What is gCube?

Different perspectives can be used to describe what gCube is.

The Data Infrastructure enabler perspective

A way to turn infrastructures and technologies into a utility

Delivering an e-Infrastructure service to large organizations is a complex task that requires the integration of several technologies. The complexity of this service resides on:

  • very rich applications and data collections are maintained by a multitude of authoritative providers;
  • different problems require different execution paradigms: batch, map-reduce, synchronous call, message-queue, etc.;
  • key distributed computation middleware exist: gLite, Globus, and Unicore for grid-based wide resource sharing; Condor for site resource sharing; Hadoop and Cassandra for cluster resource sharing; etc.;
  • several standards exist applications in the same domain.

gCube, the D4Science empowering technology, offers solutions to abstract over differences in location, protocols, and models by scaling no less than the interfaced resources, by keeping failures partial and temporary, and by being autonomic reacting and recovering from a large number of potential issues.

gCube doesn't hide infrastructures middleware and technologies.
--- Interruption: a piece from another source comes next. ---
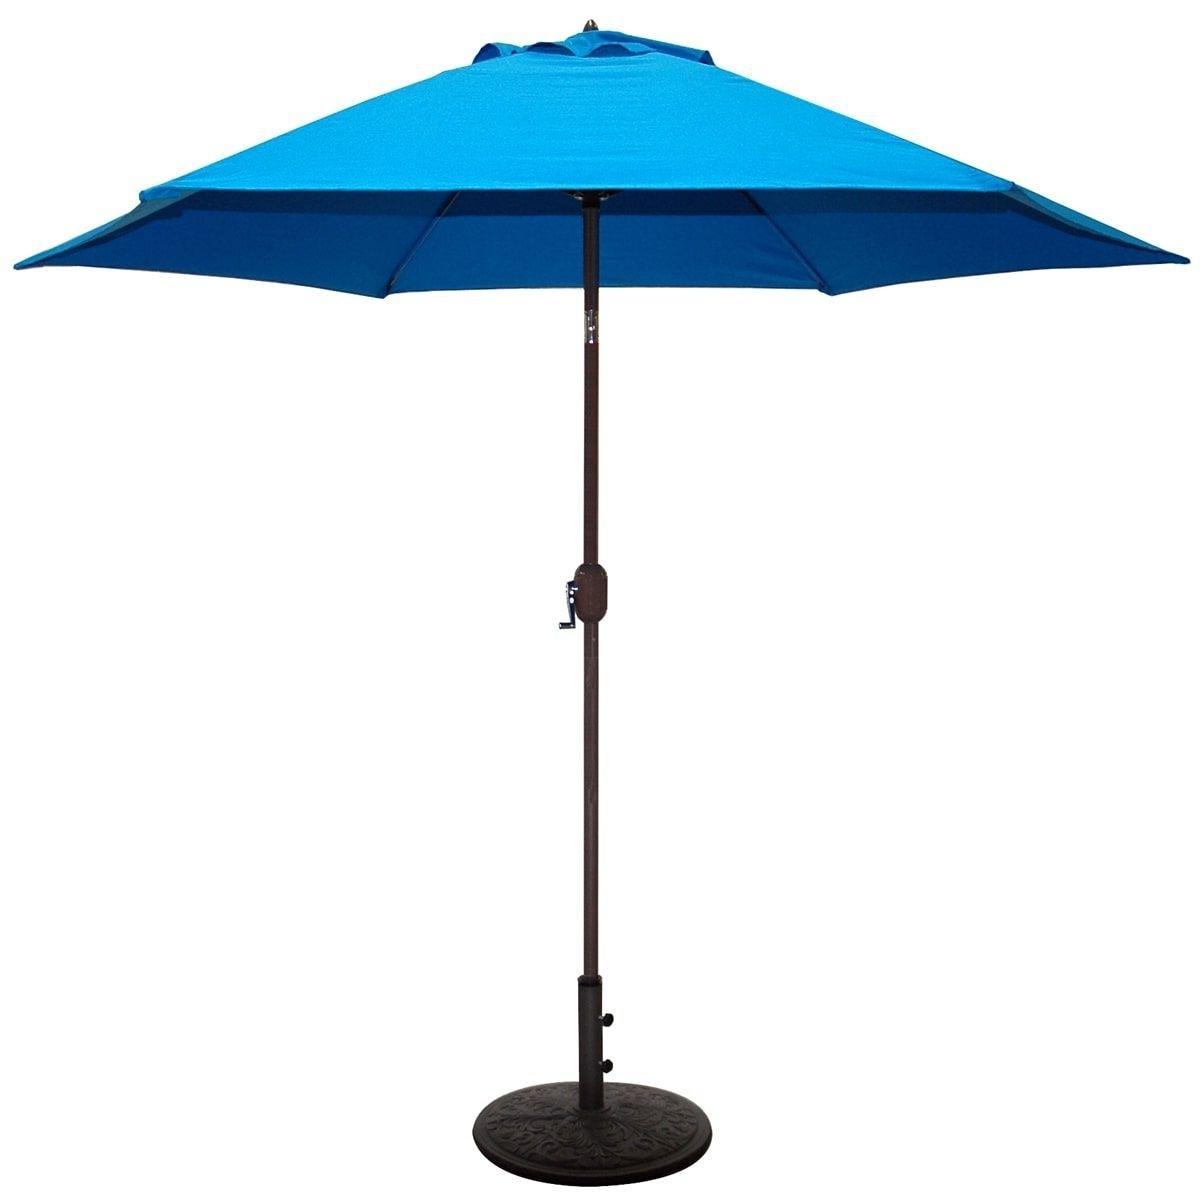 2019 Blue Patio Umbrellas Pertaining To Tropishade 9 Ft (View 9 of 20)

It is not yet another layer. Rather it turns infrastructures and technologies into a utility by offering a single submission, monitoring, and access facilities. It offers a common framework to programming in the large and in the small. It allows to exploit concurrently private virtualized resources organized in sites with resources provided by IaaS and PaaS cloud providers. It supports transparent utilization of resources managed through OpenNebula.

The data and process enabling framework perspective

An abstraction layer over technologies belonging data, process and resource management

gCube is a large software framework designed to abstract over a variety of technologies belonging data, process and resource management on top of Grid/Cloud enabled middleware. By exposing them through a comprehensive and homogeneous set of APIs and services, it globally provides:

  • access to different storage back-ends in a variety of crucial areas for various purposes. Different storage layers offer facilities for handling: (a) multi-versioned software packages and dependencies resolution among them; (b) large scientific data-sets storable as tables (to be released in the upcoming minor release); (c) Time Series by offering an OLAP interface to operate over them; (e) structured document objects storable as trees of correlated information objects; (f) geo-coded datasets compliant with OGC-related standards; (g) and, finally, plain files;
    management of metadata in any format and schema that can be consumed by the same application in the same Virtual Organization;
  • a process execution engine, named PE2ng. PE2ng is a system to manage the execution of software elements in a distributed infrastructure under the coordination of a composite plan that defines the data dependencies among its actors. It provides a powerful, flow-oriented processing model that supports several computational middleware without performance compromises. Thus, a task can be designed as a workflow of invocation of code components (services, binary executables, scripts, map-reduce jobs, etc.) by ensuring that prerequisite data are prepared and delivered to their consumers through the control of the flow of data;
  • a transformation engine to tackle the issue of transformation of data among various manifestations. This engine is manifestation and transformation agnostic by offering an intelligent, object-driven operation workflow. It relies on the PE2ng and it's extensible through transformation-program plugin that can be added as PE2ng component. Each transformation-program is registered in the transformers registry and then used at run-time to perform transformation among large (in batch) and small (in real-time) transformation scenarios;
  • management of Virtual Research Environment (VRE). Through VREs, groups of users have controlled access to distributed data, services, storage, and computational resources integrated under  a personalised interface. A VRE supports cooperative activities such as: metadata cleaning, enrichment, and transformation by exploiting mapping schema, controlled vocabulary, thesauri, and ontology; processes refinement and show cases implementation (restricted to a set of users); data assessment (required to make data exploitable by VO members); expert users validation of products generated through data elaboration or simulation; sharing of data and process with other users.

The scientific application perspective

A way to deliver scientific applications on the cloud

By using its set of facilities several scientific applications have been implemented and delivered to the Fishery and Aquaculture Resource Management communities. After a long incubation phase those facilities are now integral part of the gCube release. Among the others the following applications deserve a note:

  • A collaboration-oriented suite providing for seamless access and organisation facilities on a rich array of objects (e.g. Information Objects, Queries, Files, Templates, Time Series). It offer mediation capabilities between external world objects, systems and infrastructures (import/export/publishing); it supports common file manager features (drag & drop, contextual menu);
  • Time Series (TS) framework offering a set of tools to manage large datasets by supporting the complete TS lifecycle (validation, curation, analysis, and reallocation). It offers a set of tools to operate on multi-dimensional statistical data. It supports filtering, grouping, aggregation, union, mining, and plotting.
  • Ecological Niche Modeling suite. This suite allows to predict the global distributions of marine species initially designed for marine mammals and subsequently generalised to marine species, that generates color-coded species range maps using a half-degree latitude and longitude blocks by interfacing several scientific species-databases and repository providers. It allows the extrapolation of known species occurrences to determine environmental envelopes  (species tolerances) and to predict future distributions by matching species tolerances against local environmental conditions (e.g. climate change and sea pollution)